In this interview, Katharina Weser reflects on her artistic approach, her recent projects blending documentary, animation and immersion, as well as the technical, financial and narrative challenges specific to XR works. She also shares her vision for the future of immersive storytelling – rooted in artistic rigor, technological exploration, and fidelity to narrative.

Very often, viewers cry inside the headset – and I have never seen so many people cry in a cinema while watching a documentary. That shows how immersion can intensify emotional experience.
– Katharina Weser

You develop and produce hybrid narratives that push the boundaries of storytelling. Could you share one or two recent immersive or audiovisual projects that illustrate the artistic direction you are pursuing?

Katharina Weser – What deeply interests me is finding new ways to tell sometimes very traditional stories. A project I particularly love is Emperor. In my view, it is a documentary – animated and interactive, certainly – but first and foremost a documentary. Genre matters to me: it tells a true story, inspired by a real person. Telling it in virtual reality was, in my opinion, the best possible way to do so. It is an extremely emotional story, and VR is a medium that works exceptionally well with emotion. Very often, viewers cry inside the headset – and I have never seen so many people cry in a cinema while watching a documentary. That shows how immersion can intensify emotional experience.
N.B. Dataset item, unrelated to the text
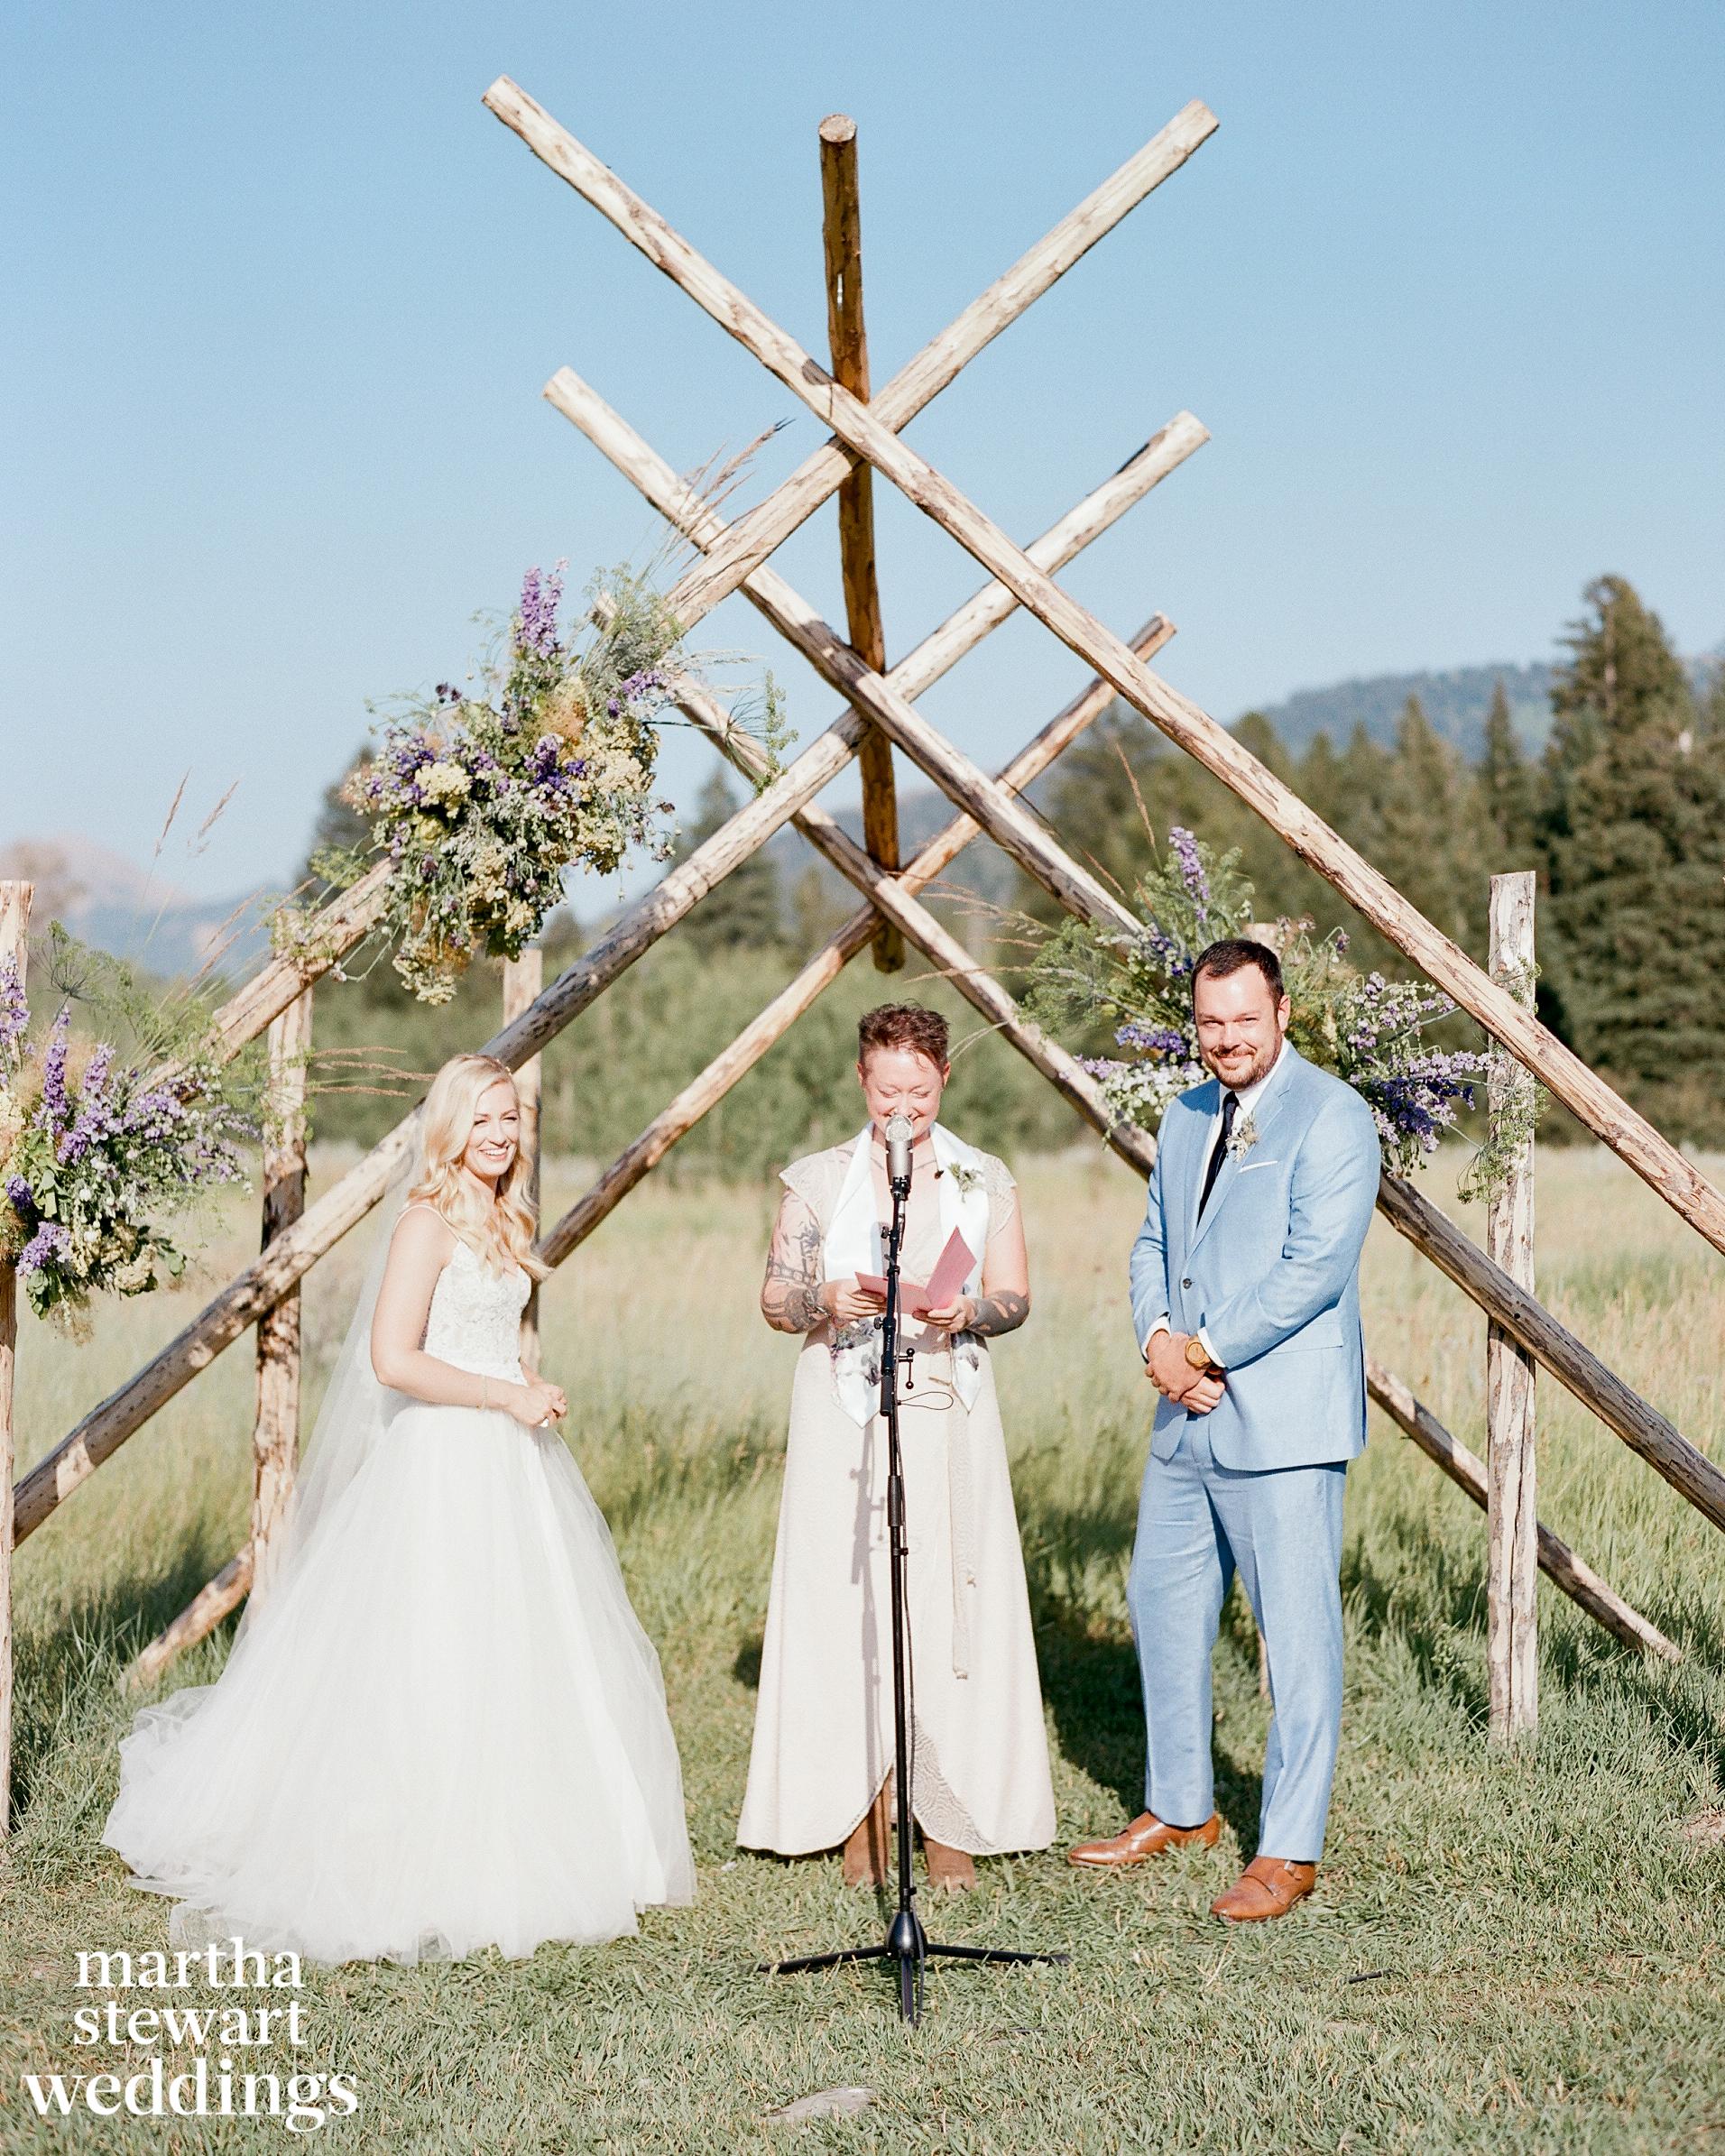 beth behrs michael gladis wedding ceremony sylvie gil

Emperor © Atlas V – Reynard Films – France Télévisions – PICO

More broadly, what drives me is the exploration of new technologies and new narrative forms. I also co-produced The Clouds Are Two Thousand Meters Up. It is an adaptation of a book, so structurally it is quite classical. I consider it cinema in virtual reality: it is a film in which you can move around. The viewer chooses the viewing angle, yet remains fully immersed in the story from beginning to end. You can move very close to the actors, navigate through the space, and feel the dramatic intensity. Today’s technologies allow us to achieve an extremely high level of quality and realism. This particularly interests me because I come from documentary filmmaking: the relationship to reality always remains central in my work.
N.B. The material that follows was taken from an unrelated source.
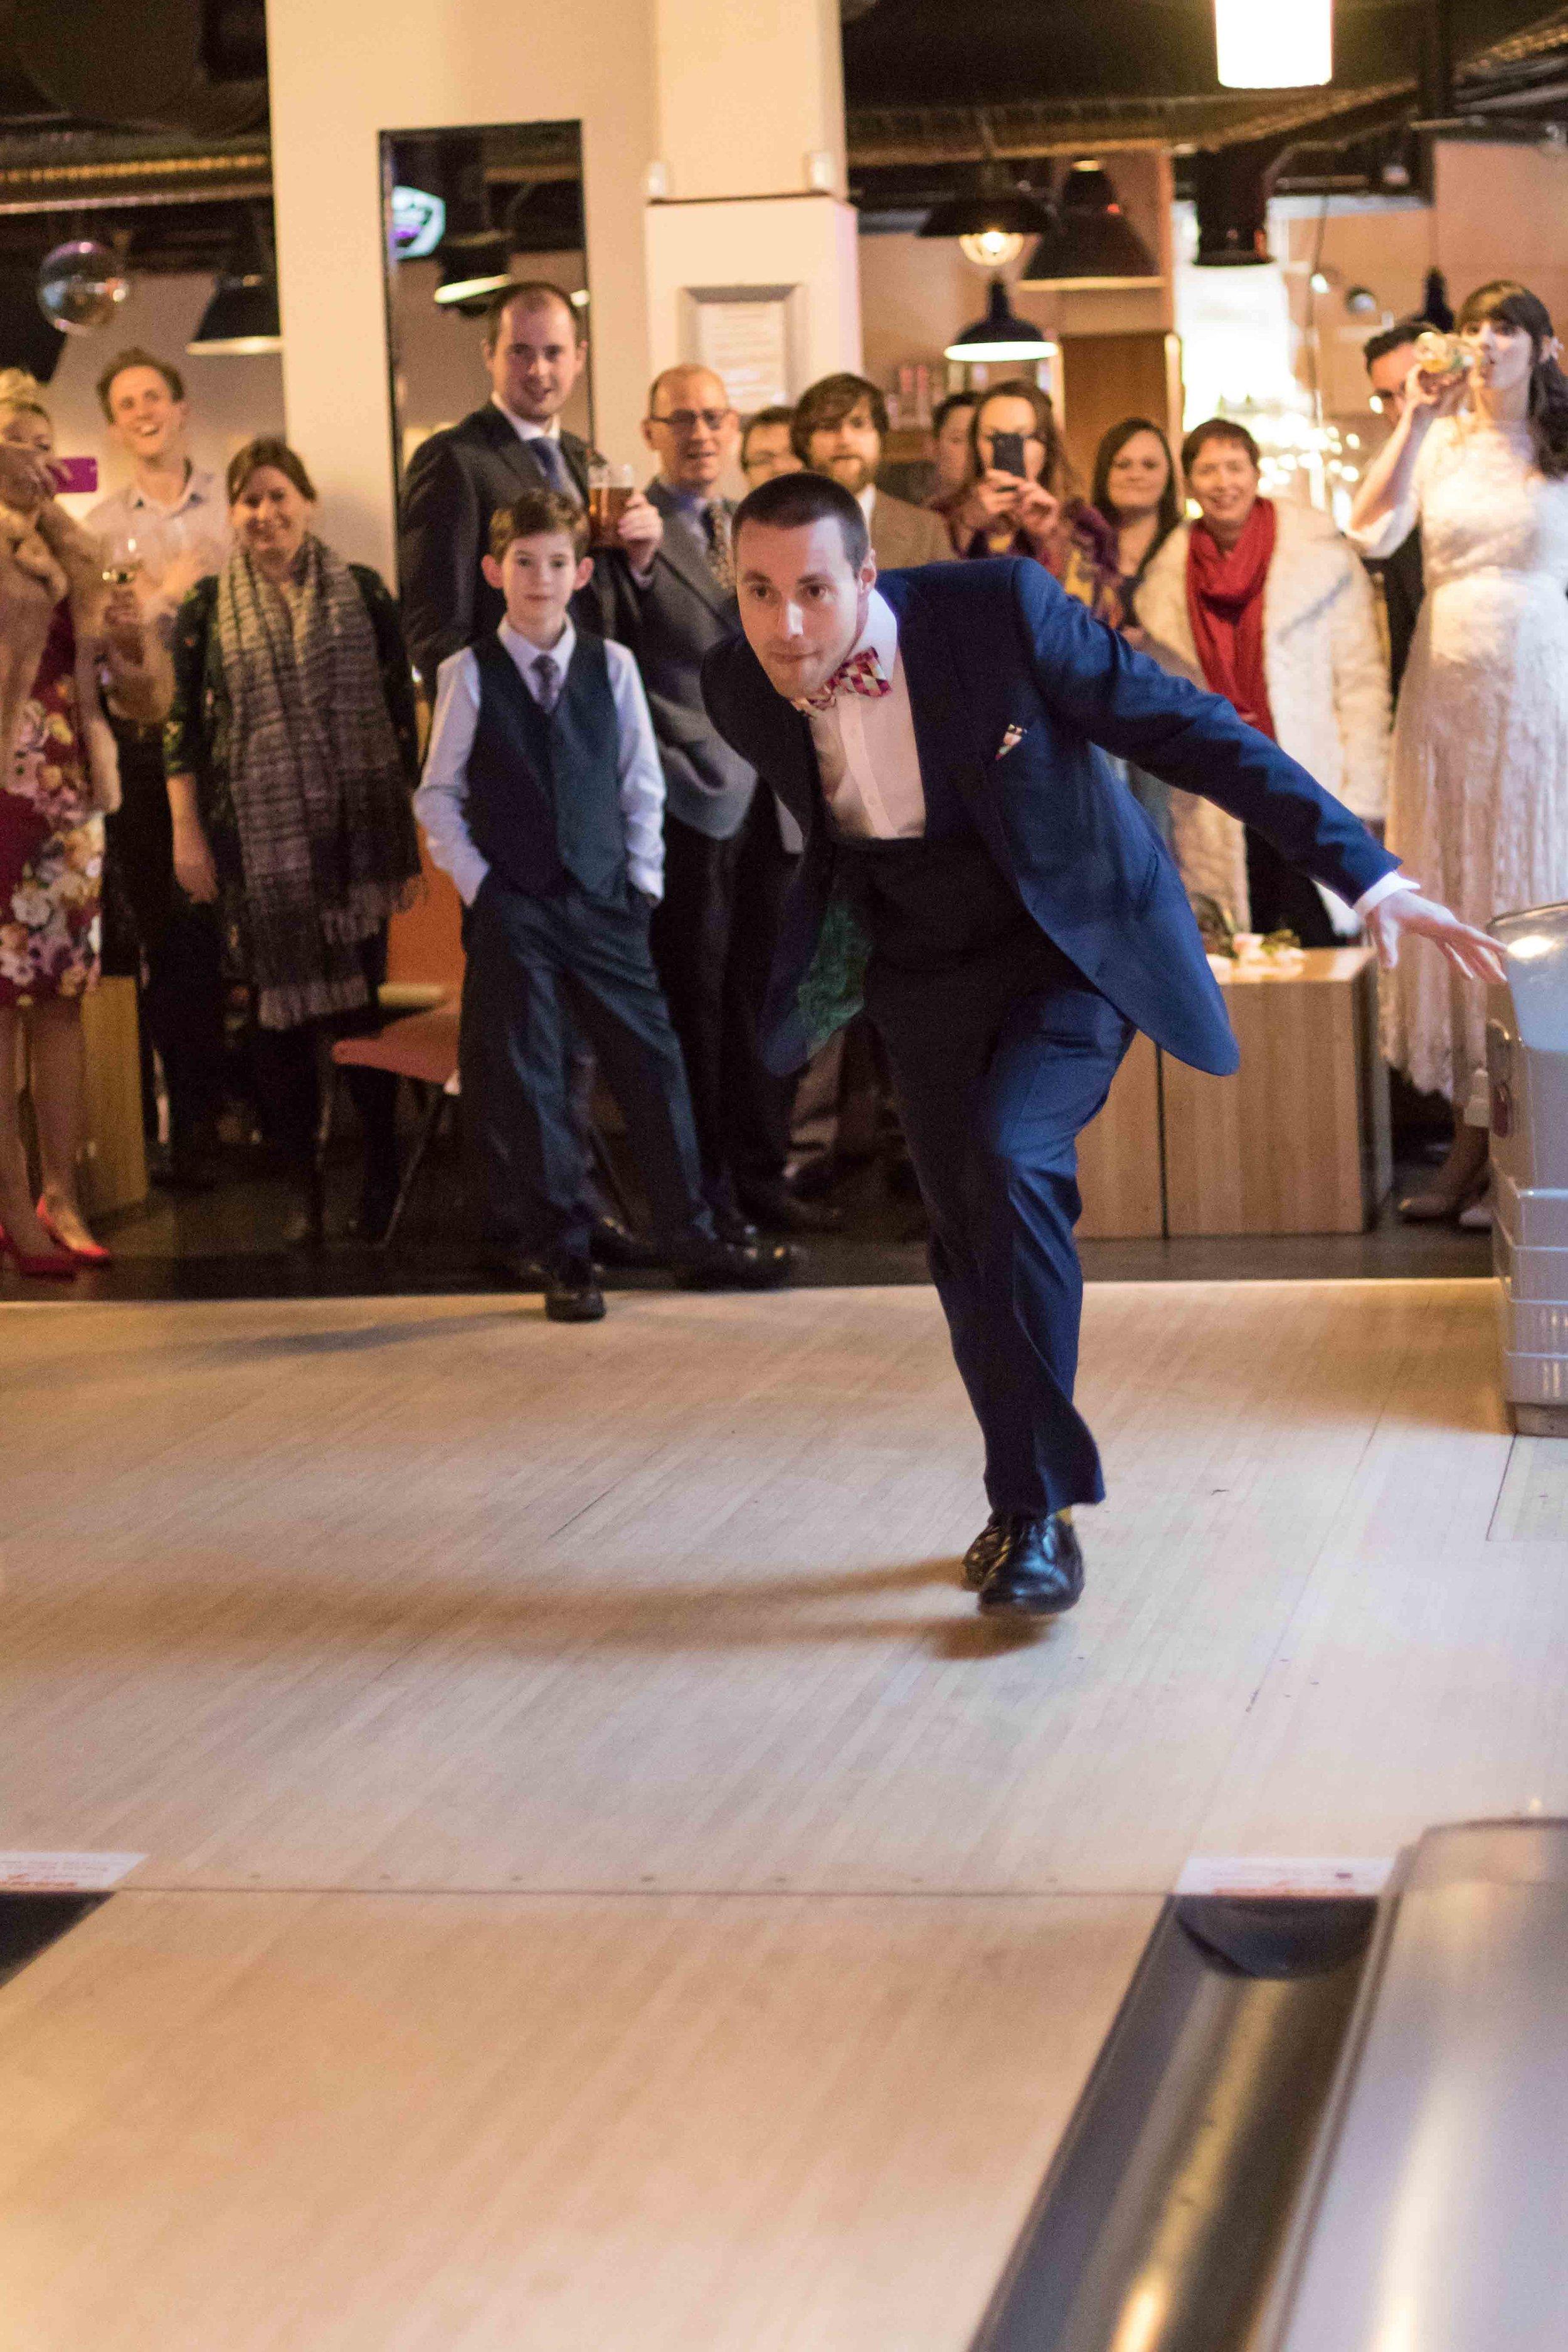 Adam & Faye - Wright Wedding Photography - Bristol Wedding Photographer -355.jpg

the clouds are two thousand meters up © Taiwan Public Television Service Foundation – The Walkers Films – Reynard Films
From your experience as a producer, what are the main challenges creators face today when developing XR or hybrid works?

K. W. – The challenges are partly the same as in traditional cinema. Funding is difficult to secure, and in Germany, cultural funding is currently more limited than before. This complicates matters for all creators, whether working in film or XR.
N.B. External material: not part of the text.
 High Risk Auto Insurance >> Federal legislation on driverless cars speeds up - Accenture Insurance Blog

In addition, there are technological challenges. We almost always work with teams who have never produced this type of project before. But in reality, it is nearly impossible to find “highly experienced” teams when you are developing something genuinely new.

Personally, I enjoy these challenges – sometimes I even seek them out. I am currently developing a new documentary using gaussian splatting technology. We are trying to make it work in a standalone version. This approach opens up entirely new possibilities: it allows you to go to places that are otherwise inaccessible and truly be present there in virtual reality. I find it fascinating to see how technology evolves and becomes increasingly realistic.

Looking ahead, what formats, technologies or international collaboration models do you believe will shape the future of immersive storytelling, and how do you see Reynard Films contributing to that evolution?

K. W. – I have remained committed to highly artistic projects, because that is what truly interests me. Of course, the market plays a role, but I have chosen not to develop small online games, even though it could be financially viable. That is simply not my direction.

Today, I am exploring different paths: immersive projection, multi-user VR, and our next project, which is particularly close to my heart – a theatre piece adapted into an immersive format.